My friend Ed (zedsn) asked me to post  before and after photos of his nearly completed Elgin Miss America. I'm sure that he'll be happy to field all questions, and accept any compliments that you may have.


----------



## Oldnut (Nov 30, 2013)

That has to be one of the best looking girls bikes,are those the original colors? Nice


----------



## OldRider (Nov 30, 2013)

That's beautiful, love the color!


----------



## Hubs-n-Spokes (Nov 30, 2013)

Love this bike and how very nice of you to post it for him!


----------



## mike j (Dec 1, 2013)

That bike is absolutely stunning. Very nice period color combo.


----------



## Nickinator (Dec 1, 2013)

I want to know who did his seat, absolutely stunning job on the whole thing its beautiful!

Nick.


----------



## zedsn (Dec 1, 2013)

I was lucky enough to find an original Miss America seat. The pan is a little wider than the conventional girls elgin seat. The paint colors are not original but this is what I wanted to do the bike in. Took a few years to find all of the parts to finish her up.


----------



## jd56 (Dec 1, 2013)

*Nice Job!!!*

I ran into one of these this past summer and had no idea what it was. Of course it was missing the very hard to find dual headlights which, would have persuaded made me to buy it for myself. 
It is a cool and graceful looking bike....not a tanklight but, damn close.

Very nice job!!!


----------



## Freqman1 (Dec 1, 2013)

A nice looking bike. Add a couple of Elgin decals and a bunch of pin striping and call it a day! I've got a couple of these in the resto que myself. V/r Shawn


----------



## stoney (Dec 1, 2013)

WOW. What a gorgeous bike. I love the colors. I have always loved those Miss America's. I had one years ago that needed restoration. I sold it because I just had too many projects. I have been sorry ever since.  Very nice job.


----------



## zedsn (Dec 1, 2013)

If you enlarge the photos she is full of pinstripes.


----------



## Freqman1 (Dec 1, 2013)

zedsn said:


> If you enlarge the photos she is full of pinstripes.

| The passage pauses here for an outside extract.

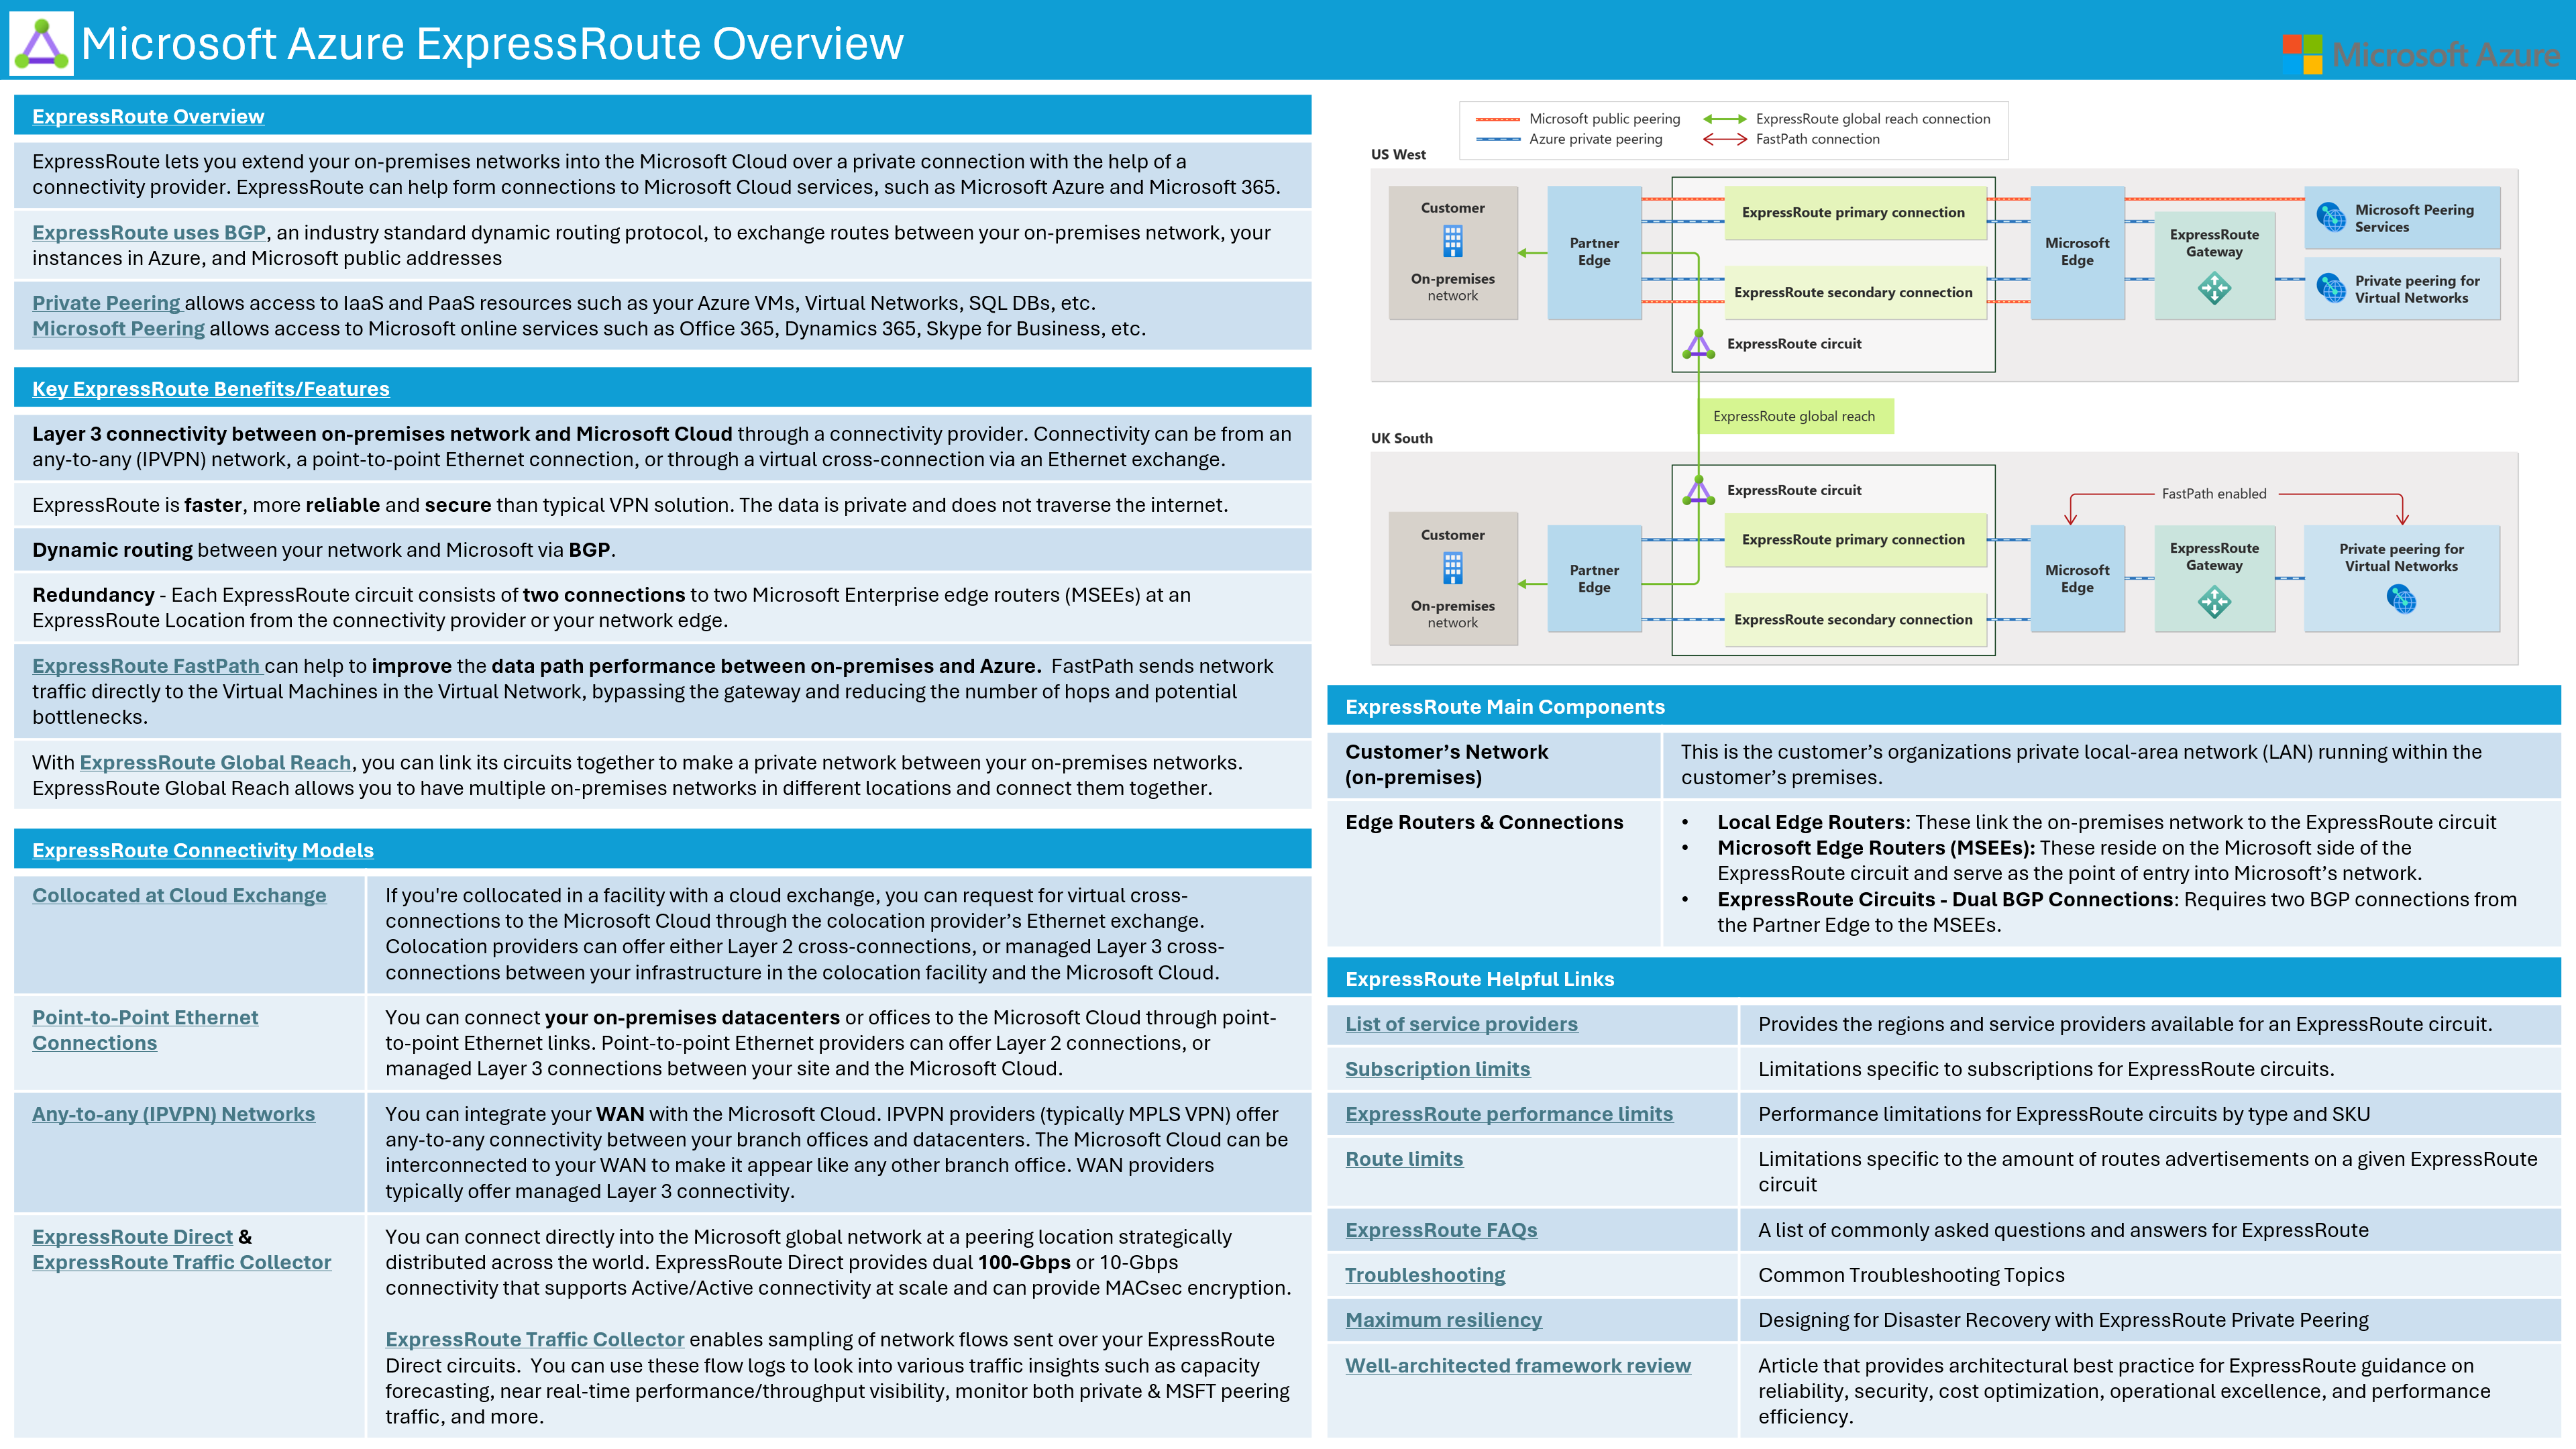 Microsoft Azure ExpressRoute Overview Cheat Sheet

Ah now I see them! Nice looking bike in an unusual color scheme. My original bike is maroon and white and so far everyone I've seen restored to original is that color combo. One of my bikes is a promotional model (single Delta front loader) which was only offered in deep blue. The other is a regular MA which I think I am going to do in either the two tone blue or green. V/r Shawn


----------



## zedsn (Dec 1, 2013)

The next step is to put a pair of signal pedals on her and finish up the lighting but I don't think that the horn or lights will ever work but the wiring is there.


----------



## Talewinds (Dec 1, 2013)

Beautiful bike Ed! The Miss America is one on my want-list also!


----------



## TammyN (Dec 1, 2013)

zedsn said:


> I was lucky enough to find an original Miss America seat. The pan is a little wider than the conventional girls elgin seat. The paint colors are not original but this is what I wanted to do the bike in. Took a few years to find all of the parts to finish her up.




Beautiful bike! Did you do the painting yourself?


----------



## zedsn (Dec 1, 2013)

Mike Burden from Lima Ohio was kind enough to paint her for me.


----------